The firm published a new white paper today that looks at the growth of family offices to serve the asset management needs of the very wealthy, and aims to identify best practices for running this sort of operation. The paper notes that family offices are “arguably the fastest growing investment vehicles in the world today, as families with substantial wealth are increasingly seeing the virtue of setting one up.”
Although it’s difficult to estimate how many family offices there are because of the variety of models, and the lack of a single definition of what constitutes a family office, in the paper Credit Suisse estimates that there are at least 3,000 single family offices in existence globally.

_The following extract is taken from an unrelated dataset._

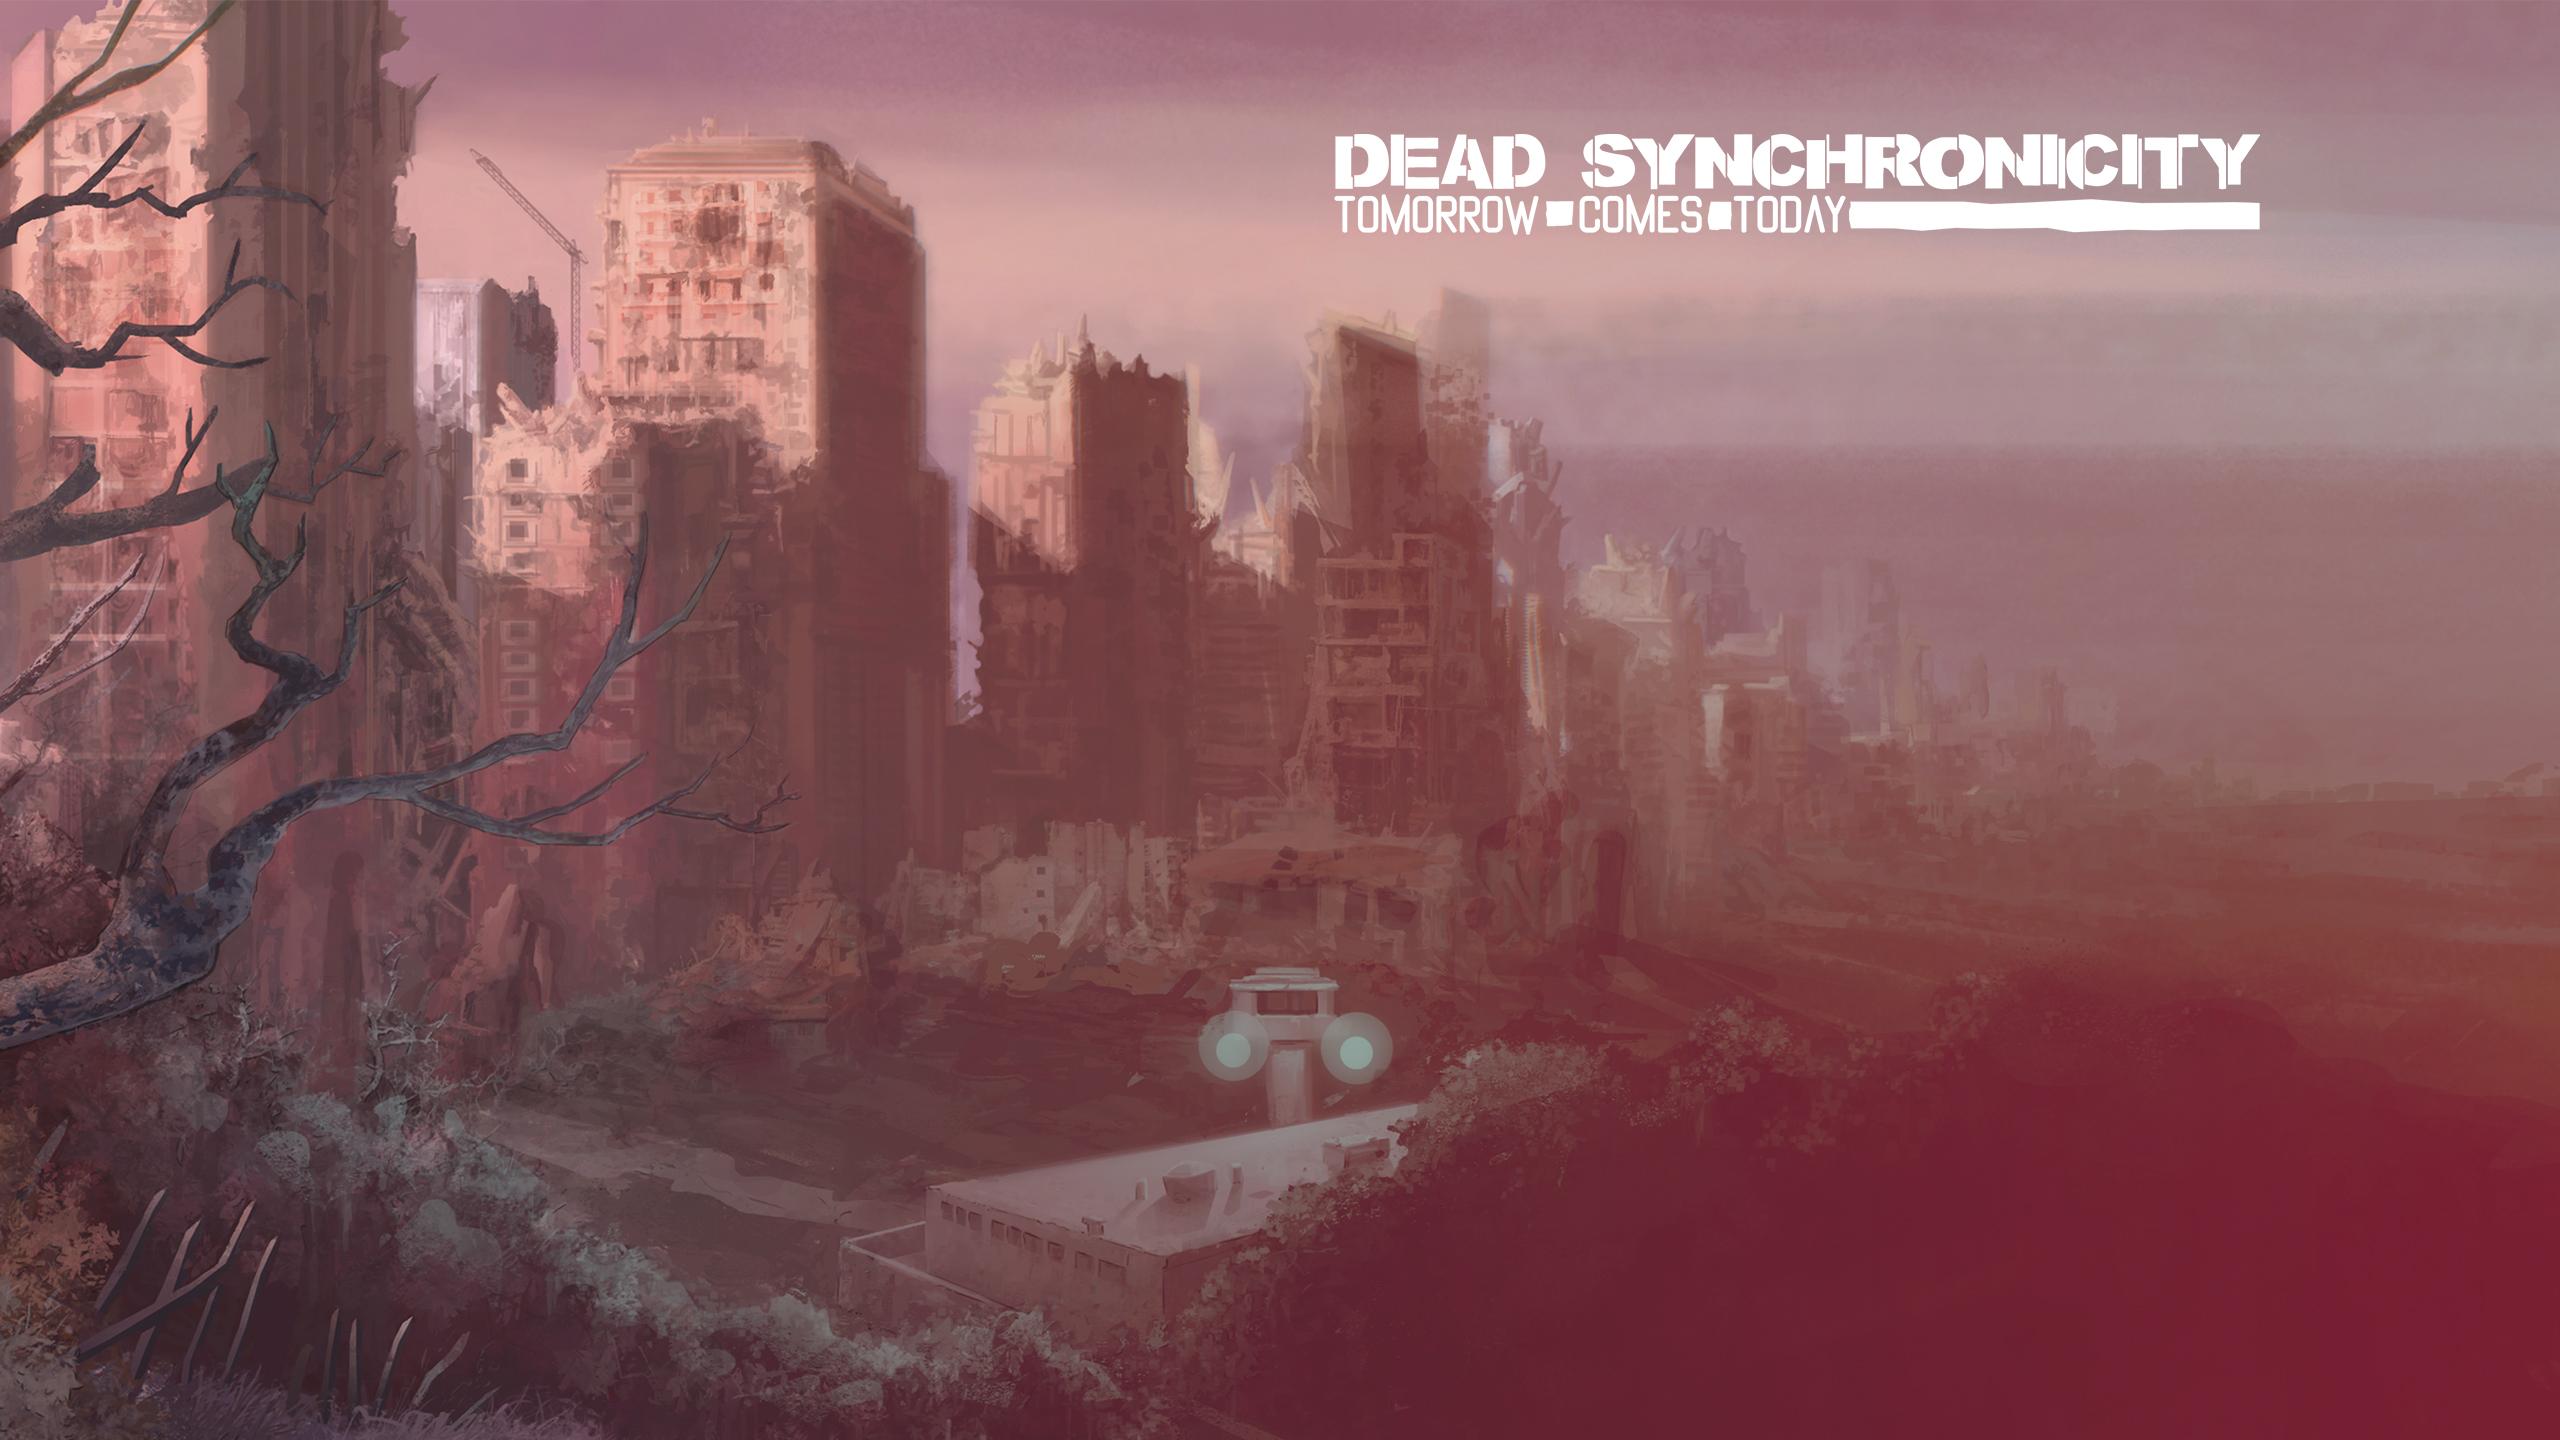 dead-synchronicity-wallpaper-03

And it says at least half of these were set up in the last 15 years.
“The increasing concentration of wealth held by very wealthy families and rising globalization are fueling their growth,” it says. “Particularly important in the years ahead will be the strong growth of family offices in emerging markets, where for the most part they have yet to take hold — despite the plethora of large family businesses in these economies.”
Although there is no standard definition of a family office, the paper says that “anecdotal evidence suggests that a full-service family office will cost a minimum of US$1 million a year to run, and in many cases, much more.” This, in turn, implies that for a family office to be viable, a family should be worth between US$100 million and US$500 million, it says.
Yet it also says that a family office can be set up with less than US$100 million in assets, but the range of services it provides will probably be more limited. For example, the paper reports that family offices typically have operating costs of between 30 and 120 basis points. “Offices with the lowest running costs focus primarily on a limited number of wealth management services, such as handling real estate holdings. However, there seems to be no strong correlation between the size of assets under management and the operating costs,” it says.
Indeed, the paper suggests that it’s more meaningful to “calculate the minimum wealth under management in the light of return expectations and targets, and the resulting costs of the family office. This shows that there is no clear lower limit for a family office. The costs of the family office, plus the return target, must be achievable with the chosen asset allocation and structure.”
The white paper goes on to examine what a family office does, and the most effective structures and processes for reaching its objectives.
The firm launched the paper today to coincide with its first conference on family offices in Asia, which was held in Hong Kong. The firm says it organized the event in response to a growing demand from emerging Asian single family offices (SFO) for insight into best practices for these platforms.
In the paper, it estimates that about 25% of the world’s super rich (those with more than US$100 million in assets) is located in Asia, yet it notes that only about 3% of existing global SFOs are in the region. However, it says that it is now seeing the number and level of sophistication of SFOs in the region growing rapidly.